Long-Term Synergistic Regulation of Ionic Channels by C-Kinase and Ca2+/CaM-Type II Kinase

  • Daniel L. Alkon
  • Shigetaka Naito
Part of the Advances in Experimental Medicine and Biology book series (AEMB, volume 221)


The distinct molecular identities of ionic channels within biological membranes are now being revealed. The acetylcholine receptor, a ligandgated cation channel, was solubilized and purified from post-synaptic membranes of the ray Torpedo californica (Karlin, 1980; Changeux, 1981). Entire amino acid sequences for all of the acetylcholine receptor subunits were deduced from DNA sequence analysis of cDNA clones (Numa et al., 1983). Similarly, the voltage-sensitive Na+ channel from rat brain has been solubilized and purified to homogeneity, and shown to consist of α (Mr 260,000), β1 and β2(Mr 39,000 and 37,000, respectively) subunits (Agnew et al., 1980; Weigele and Barchi, 1982; Hartshorne and Catterall, 1984).
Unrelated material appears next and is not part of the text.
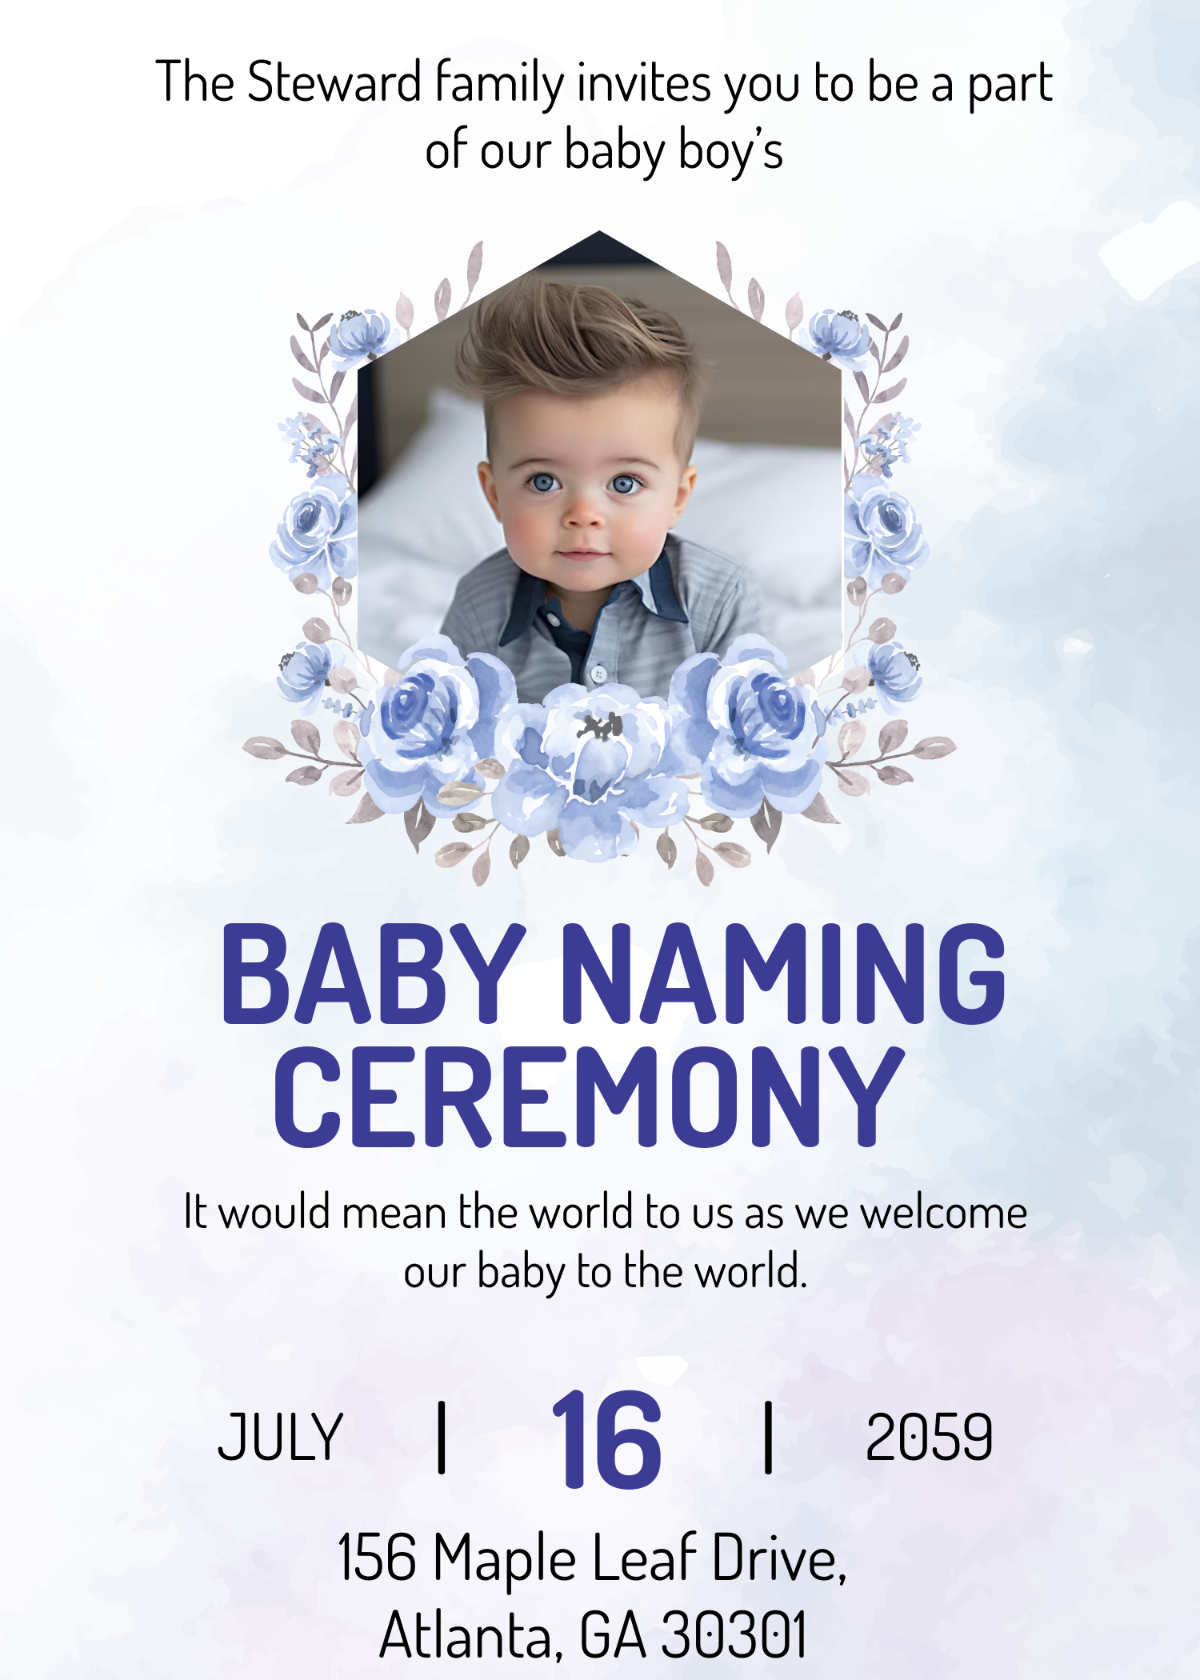 Naming ceremony invitation card for baby boy

Consistent with the heterogeneity of tetrodotoxin binding sites, presence of at least three distinct Na+ channels (I, II and III) in rat brain was suggested from a sequencing study of cDNA clones obtained from three distinct mRNAs for the α-subunit (Noda et al., 1986). The Ca2+ channel (a dihydropyridine-sensitive class) was also purified (Curtis and Catterall, 1985). None of the known K+ channels have yet been purified, probably due to the unavailability of high affinity neurotoxins and a K+ channel abundance which is small in comparison to that of the Na+ channel and the acetylcholine receptor.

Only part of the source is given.